141 as Kapp (2006) articulates, although English is seen as the tool for educational mobility by lower socioeconomic communities, the language itself is often not developed enough to serve as a language for educational liberation, alongside poor linguistic stimulation, denying an easy assimilation into the ‘Discourse’ of school.

This brings to light the second important finding of the linguistic biography. Students from Class C reported higher levels of multilingualism than students from Class B and A, who showed evidence of bilingualism. In the case of the multilingual students, one has to question the quality of their mother tongue instruction in early grades of schooling. Given that high amounts of code switching were reported together with an early switch to English as the language of learning and teaching at a Grade 4 level, it can only be assumed that students had not been given sufficient time to start developing cognitive academic language proficiency in their mother tongue before making the switch to English. According to Cummins (1979), a second or third language can only develop alongside the first language and if the first language development is stunted, there are limited “pegs” with which to develop ones second language (Cummins, 1984). One has to question then whether students from Class C have merely developed a basic interpersonal communicative competence in multiple languages only. This would explain levels of frustration with regards to reading comprehension. This is contrary to students from Class B and A who have been immersed in the home language from Grade One and continue with their education in their home language. The above scenario could have a direct impact on the full efficacy of an intervention like RtL. Although there is evidence to show that RtL can act as the gateway to accessing the formal education ‘discourse’, one has doubts as to whether RtL, in a short time frame, can aid impoverished students in their proficiency of English. But this does not mean access to the ‘discourse’ is not possible.

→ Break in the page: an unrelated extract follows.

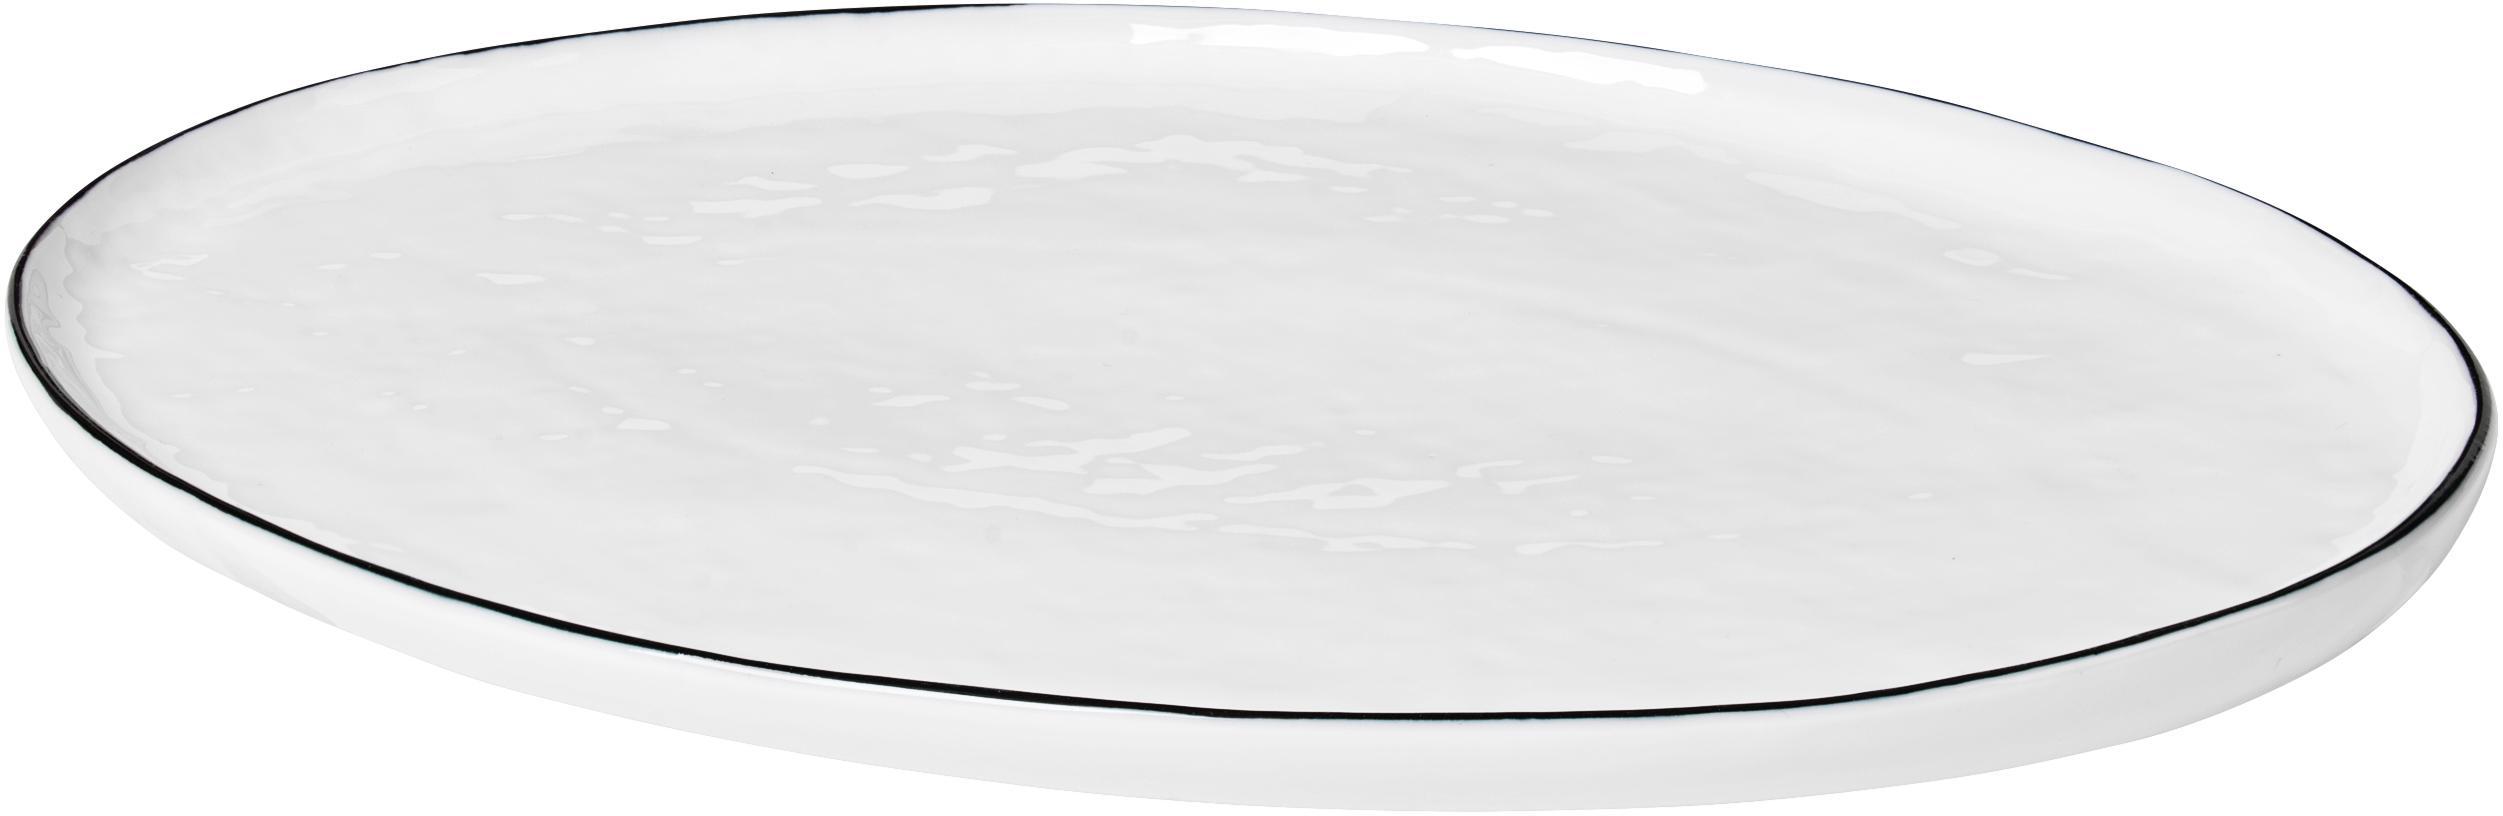 Piatto da portata fatto a mano Salt, Porcellana, Bianco latteo, nero, Larg. 20 x Prof. 30 cm

Following on from the above scenario, it would appear that a vicious cycle is at play for students from Class C. Socioeconomic circumstances have clearly impacted negatively on students’ linguistic stimulation, which has negatively affected their ability to easily assimilate into the ‘Discourse’ of education. This results in student frustration with regards to reading (which is exacerbated by poor language proficiency). Students, in their struggles to read for meaning, stop reading, which is a necessary activity for building language proficiency.

142 Again, the above description and analysis is based on the students under investigation and any inference drawn cannot be articulated in a strong causal sense. However, a level of contextual causality cannot be ignored either.